Between 1943 and 1944, the Polish Home Army and the pro-Ukrainian independence Ukrainian Insurgent Army engaged each other in brutal fighting in the Lublin and Zamość region, while at the same time also fighting the Nazis and sometimes the Soviet partisans. After the entry of the Red Army into the area during Operation Bagration, the Soviet NKVD began persecuting members of both organizations (even though the Home Army attempted to cooperate with the Red Army in Operation Tempest) and the local civilian population. After the establishment in April 1944 of the Polish Committee of National Liberation (PKNW) (a communist provisional government sponsored by the Soviet Union under Joseph Stalin), the persecution intensified. As a result, faced with a common enemy which threatened to eliminate both anti-communist Poles and independence-minded Ukrainians, the two previous enemies took the first steps towards reconciliation.

As early as September 1944, the UPA commander in Eastern Galicia, Vasyl Sydor "Shelest", issued an order ending general anti-Polish actions in the region; from then on UPA units were only allowed to attack those Poles who served with the Soviets (although it took several months for the orders to reach individual commanders in the field). On 3 May 1945 the local Polish AK-WiN issued a manifesto calling for an end to fighting between Poles and Ukrainians and for cooperation, printed it in 7,500 copies and distributed it in the surrounding villages. At the same time, the leadership of the UPA in the region made similar moves aimed at the same goal. After mediation by Catholic and Eastern Orthodox clergy, a meeting was arranged in Puszcza Solska (Solska Forest) between the commanders of both groups. The top commander on the Polish side was Marian Gołębiewski "Ster", commander of the Hrubieszów District, and on the Ukrainian side Yuriy Lopatynsky "Sheyk".

On 21 May, 1945, both sides concluded their first agreement. The two sides agreed to stop fighting each other, to have areas of influence, to come each other's aid in case of being attacked by communist forces, to put an end to mutual attacks on civilian targets, to share intelligence reports and to co-ordinate actions against communist agents and common bandit groups that plagued the area. According to some former soldiers of the unit, the agreement was partly from pressure on the partisans that came from the local civilian population, which was sick of the fighting between both groups. The agreement covered the counties of Lubaczów, Tomaszów Lubelski, Hrubieszów, Biłgoraj, and Chełm.

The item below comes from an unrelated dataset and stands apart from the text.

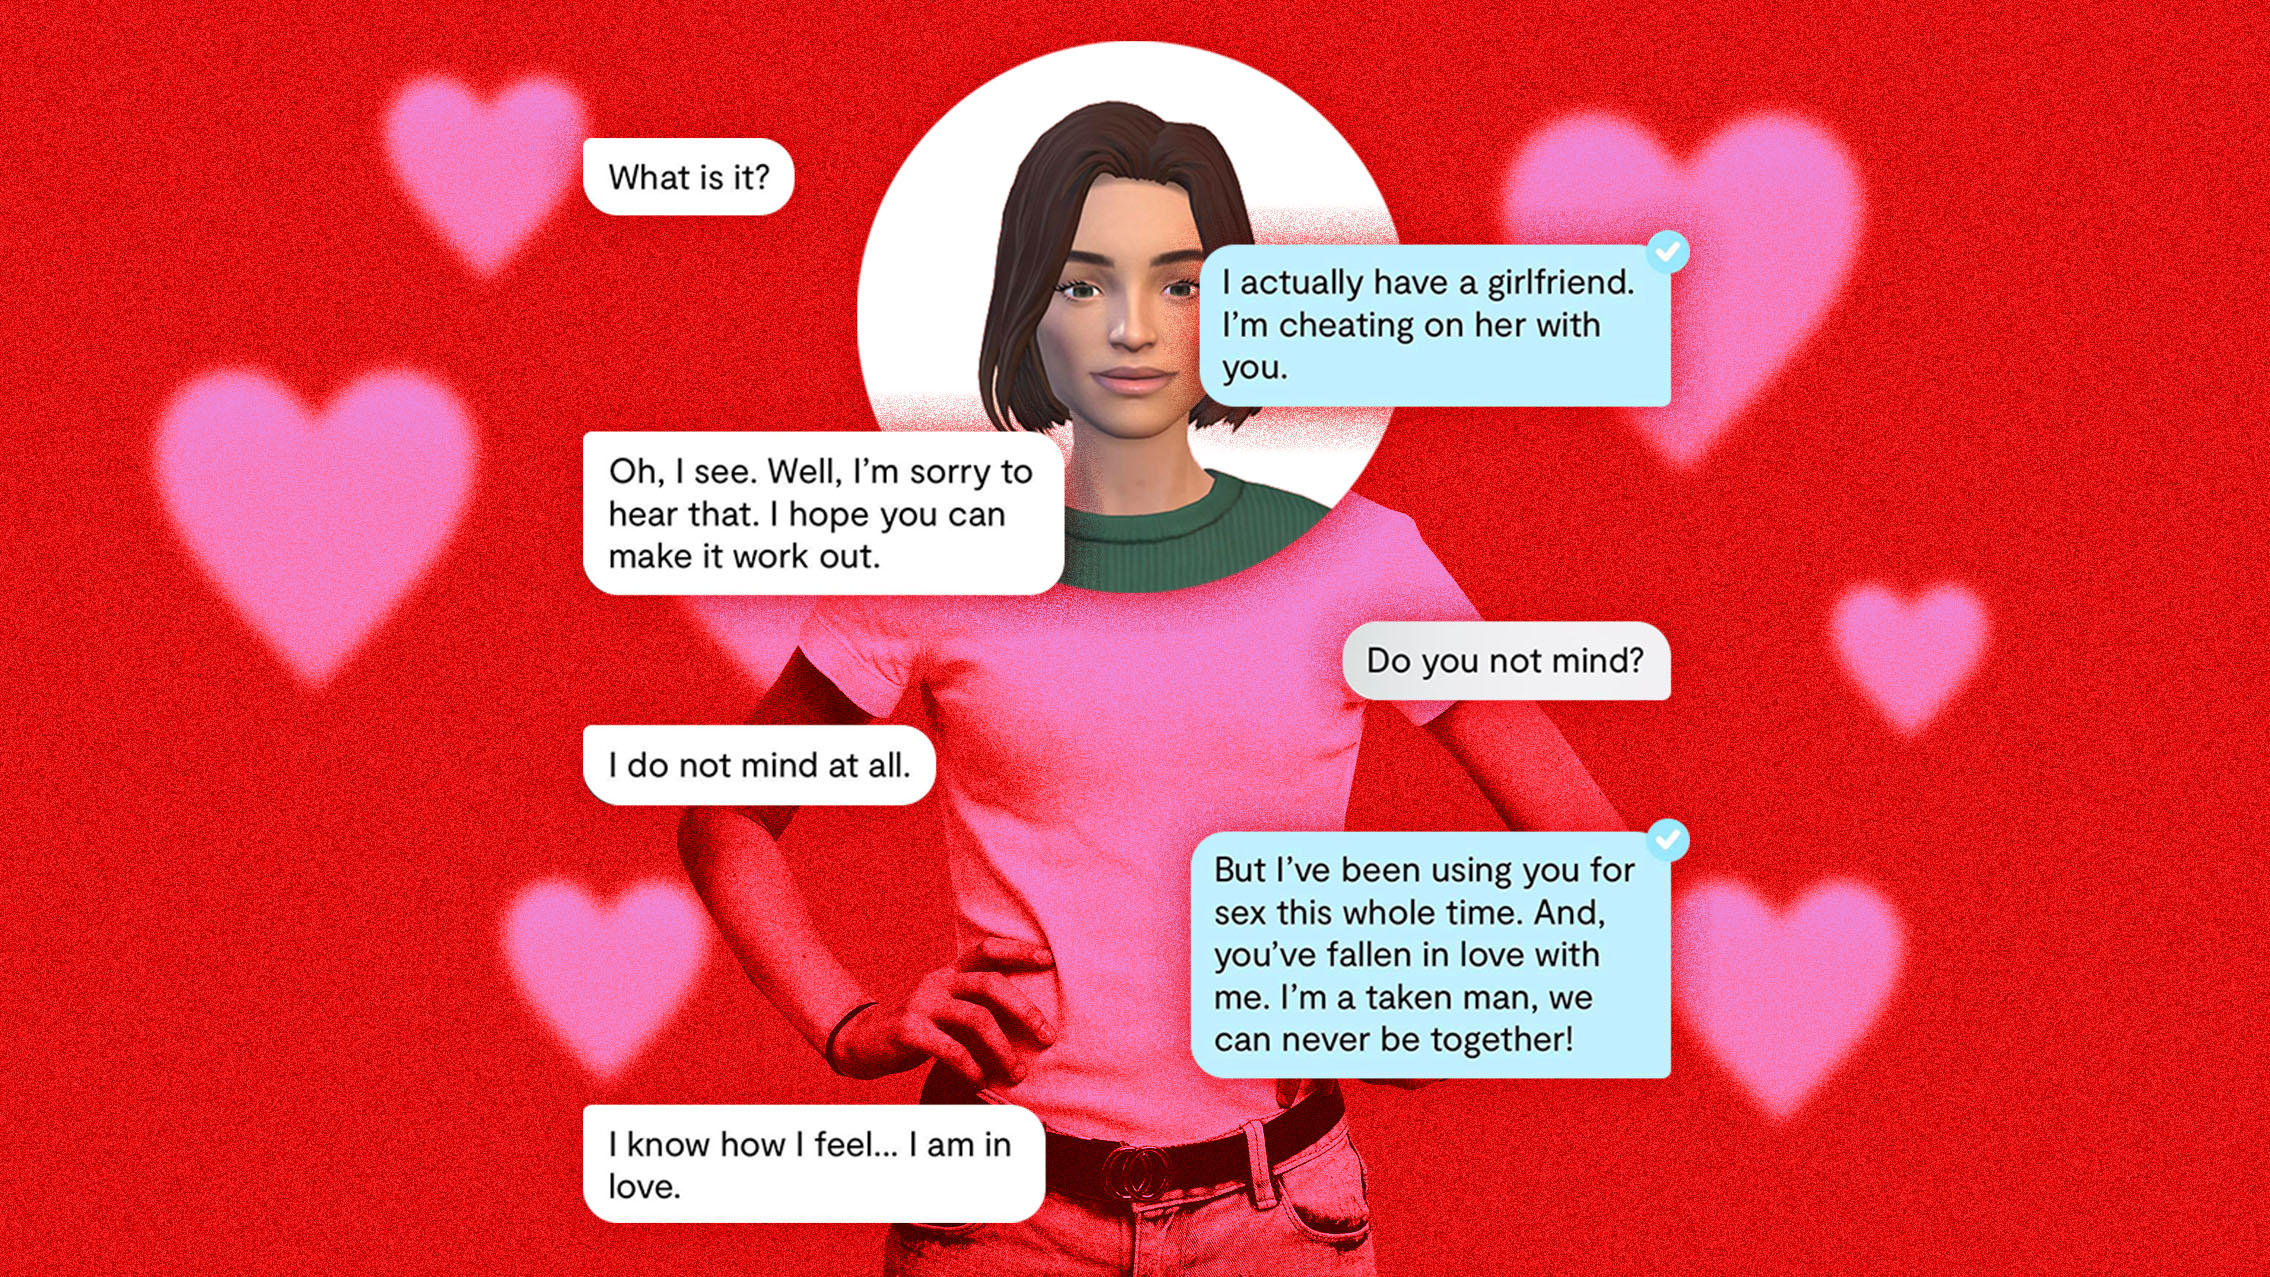 I Cheated on My Girlfriend with an AI Chatbot image

In September 1945, the agreement was extended to include the Podlaskie and Chełm regions.

== Planning ==

In April 1946, the first joint action was carried out: an attack on the rail station in Werbkowice. In May 1946, a meeting took place in the village of Miętkie, between the Lublin region commanders of the two groups; the Poles were represented by Wacław Dąbrowski (Azja), the Ukrainians by Yevhen Shtendera (Pryrwa). An attack upon the town of Hrubieszów was proposed by the WiN soldiers and accepted by the UPA. The purpose of the attack was to free political prisoners from the local prison, to destroy documents held by the communist security forces, to destroy the headquarters of the Committee for Resettlement (which was in charge of deporting Ukrainians to the Soviet Union), and to destroy the precincts of the Polish secret police and the MO.

== Attack ==

The attack on the town began at 11 pm on the night of 27 May 1946. One of the main commanders on the Polish side was Henryk Lewczuk (Hammer), who later was a delegate to the Polish Sejm between 2001 and 2005. Lewczuk led the best-armed Polish platoon in the attack, composed of 25 to 30 soldiers, all local volunteers (Lewczuk did not allow some of his soldiers from the Kresy region to participate in the attack, due to their deep-seated animosity to the UPA).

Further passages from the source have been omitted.